Буран за окнами бесновался и выл, как раненый зверь. Бился в стены и бросал в окна пригоршни плотного снега, ворочал деревья в тайге и гнул к земле ветви старой яблоньки. Серко жался в будке, спрятав нос в пушистый хвост и лишь изредка приоткрывая глаза, оценить происходящее буйство. Матвей сидел в тепле и вслушивался в рев ветра. Хлопнула дверь в сенях, затопали шаги - это мама обивала снег с валенок.
-Ох и буранище, сынок. Совсем дышать невозможно, - раскрасневшаяся мама вошла в горницу, повесила на гвоздь телогрейку, платок туда же, устало уселась за стол, - Пеструшка-то нервничает, еле подоила ее. Перетаптывается на месте, головой крутит и мычит все. Уж я ее успокаиваю, а она все толчется, толчется...
Мама вздрогнула, когда ветер особенно сильно ударил в стену, заставив дом низко загудеть, завибрировать. Матвей сказал, задумчиво глядя на маму:
-Как батя там, в тайге? Должно быть, нормально, в зимовье все же.
Отец позавчера ушел в тайгу, увез очередную партию продовольствия и запас пороха, который ему привез из города сын деда Власа, Петро. Он приезжал к отцу редко и всегда привозил для отца порох и дробь. И обычно просился с отцом в тайгу, страстным был охотником. Уехал он в город, отучился там на машиниста и сейчас работал в депо.
Мама вскинула на него глаза, в которых глубоко угнездилась тревога:
-Конечно, нормально. Он и под елкой буран переждет, бывало уж.
-Когда ж? Мне не говорил даже...
Матвей встал, налил маме горячего сбитня, поставил перед ней парящую кружку.
Она глянула на него благодарно, сделала глоток, подув на пряное питье, и начала рассказывать:
-Молодой он тогда был совсем, года на два аль три старше тебя нынешнего. Мы тогда с ним еще только друг на дружку поглядывали, - мама заулыбалась, вспоминая. Был он упрямый и строгий такой. А уж красивый какой! Вихрастый, глазищи такие, все девчата в деревне по нему сохли. А он не смотрел ни на кого - все время в тайге. Девчата промеж себя его бирюком прозвали.

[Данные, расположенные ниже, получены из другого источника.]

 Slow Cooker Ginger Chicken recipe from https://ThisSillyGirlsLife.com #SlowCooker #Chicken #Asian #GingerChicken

Матвей на этих словах вздрогнул, вспомнив невольно другого Бирюка. Мама не заметила ничего, продолжила:
-Задумал он тогда соболей добыть. Деды ему говорили, что непогода собирается, просили обождать. Но он же упрямый. Если что решил - решения уже не изменит. Вот и собрался он да ушел в тайгу. А на второй день такая же непогода началась. Дом соседний не разглядеть, ветер с ног сбивает. Заволновались мы за него, пошли к дедам за советом. А там уж отец его, дед твой. Совет держат - идти искать или обождать. Разное говорили. Кто говорил, что идти не нужно - и его не найдешь, и сам пропадешь. А кто и собираться начал.

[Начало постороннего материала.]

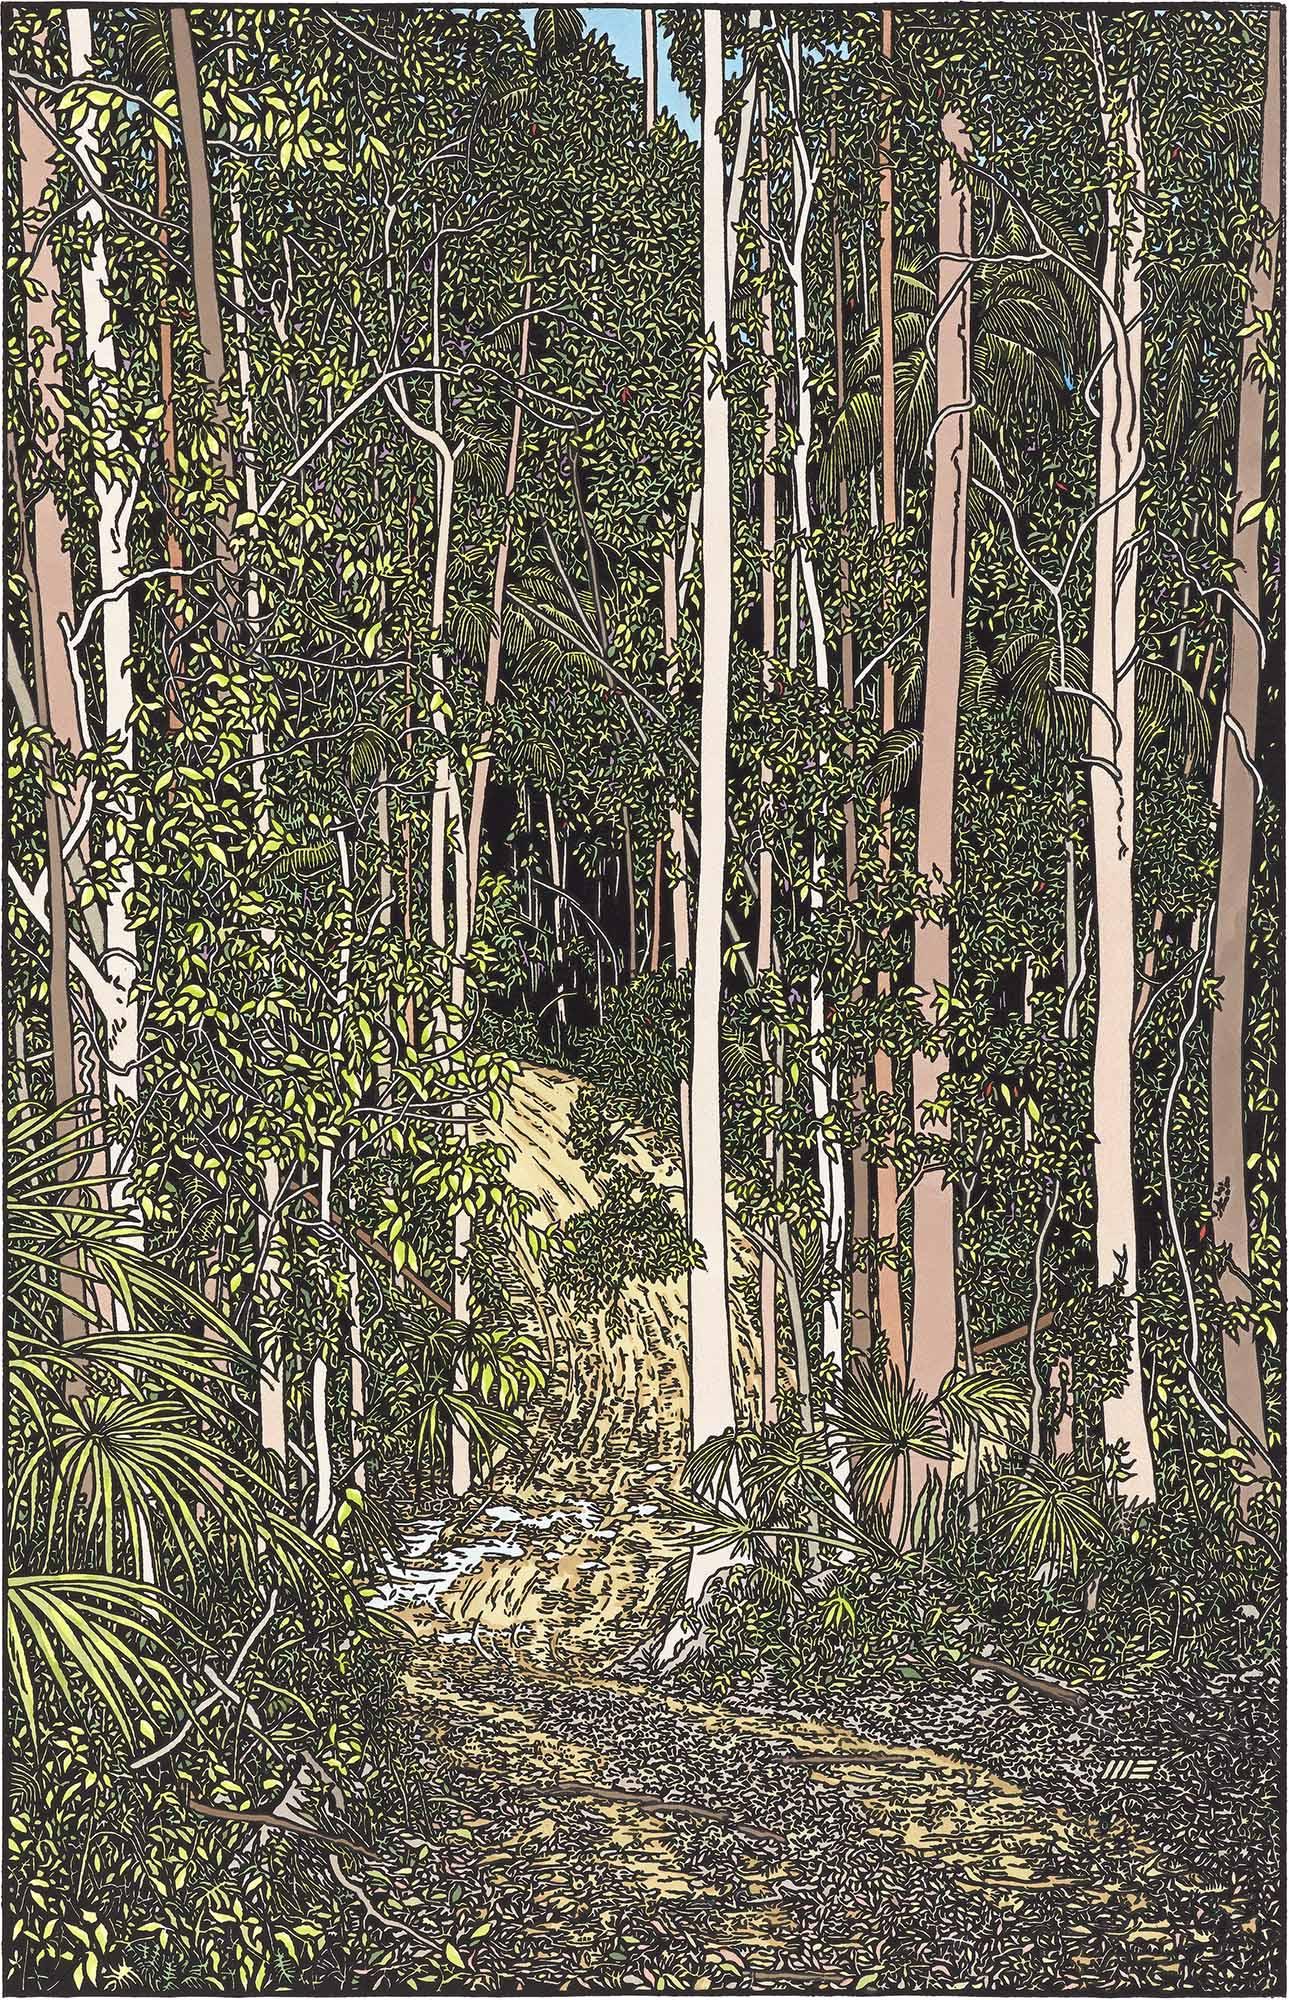 Wayne singleton 023 road through the rainforest at ilkley 2000px j3fub8

Мама перевела дыхание, глотнула еще сбитня, и продолжила:
-Дед твой выслушал всех, а потом сказал: "Нечего гуртом ходить. Сам пойду, один. А вы ждите, пока распогодится. И коли не выйдем, то уж тогда ищите. Он на гриву пошел, и я туда ж". На том и порешили. Зимовья тогда еще не было, его твои отец с дедом после вот этого и поставили.
Матвей слушал жадно, представляя себе молодых отца и деда в дикой снежной круговерти.
-И ушел дед тоже в тайгу. Как сейчас помню - вот он взял свою берданку и исчез в метели, как в воду канул. А мы с девчатами сидим в одном углу волнуемся, а взрослые женщины в другом. Два дня их не было, а на третий пришли. Точнее отец пришел и деда на волокуше привез. Оказалось, что дед твой в большой овраг угодил, не углядел его в буране. Зашибся и еле вылез оттуда. Отец твой все три дня просидел под елкой, костер жег да соболей подстреленных с белками жарил. Дед на огонь и вышел. Пошли он домой, да дед не сдюжил - очень у него бок болел.
На этих словах Матвей непроизвольно потер и свой бок, ушибленный при падении в овраг, и спросил:
-И не страшно ему было?
Мама улыбнулась горделиво:
-Отец вой вообще ничего не боится. Ни разу его напуганным не видела. Но ты у него лучше спроси, как домой придет.
Мама поднялась, ушла в их с отцом комнату, зашебуршила там, зашарила по сундукам, собирая постель. А Матвей вышел на двор, к Серко. Тот подвинулся привычно, давая место. Матвей рассмеялся:
-Э нет, Серко, я теперь уже не влезу в твою будку - маловаты хоромы для нас двоих.
Серко недоуменно поглядел на друга - выходить ему жуть как не хотелось. Но пересилил себя все же, вышел, ткнулся холодным носом в ладони, качнул едва заметно хвостом. Матвей присел перед ним на корточки, потрепал лобастую голову. Серко не упустил возможности и тут же облизал ему лицо. В этот заход в тайгу отец не взял пса с собой - в драке с уличными собаками он повредил переднюю лапу и слегка прихрамывал.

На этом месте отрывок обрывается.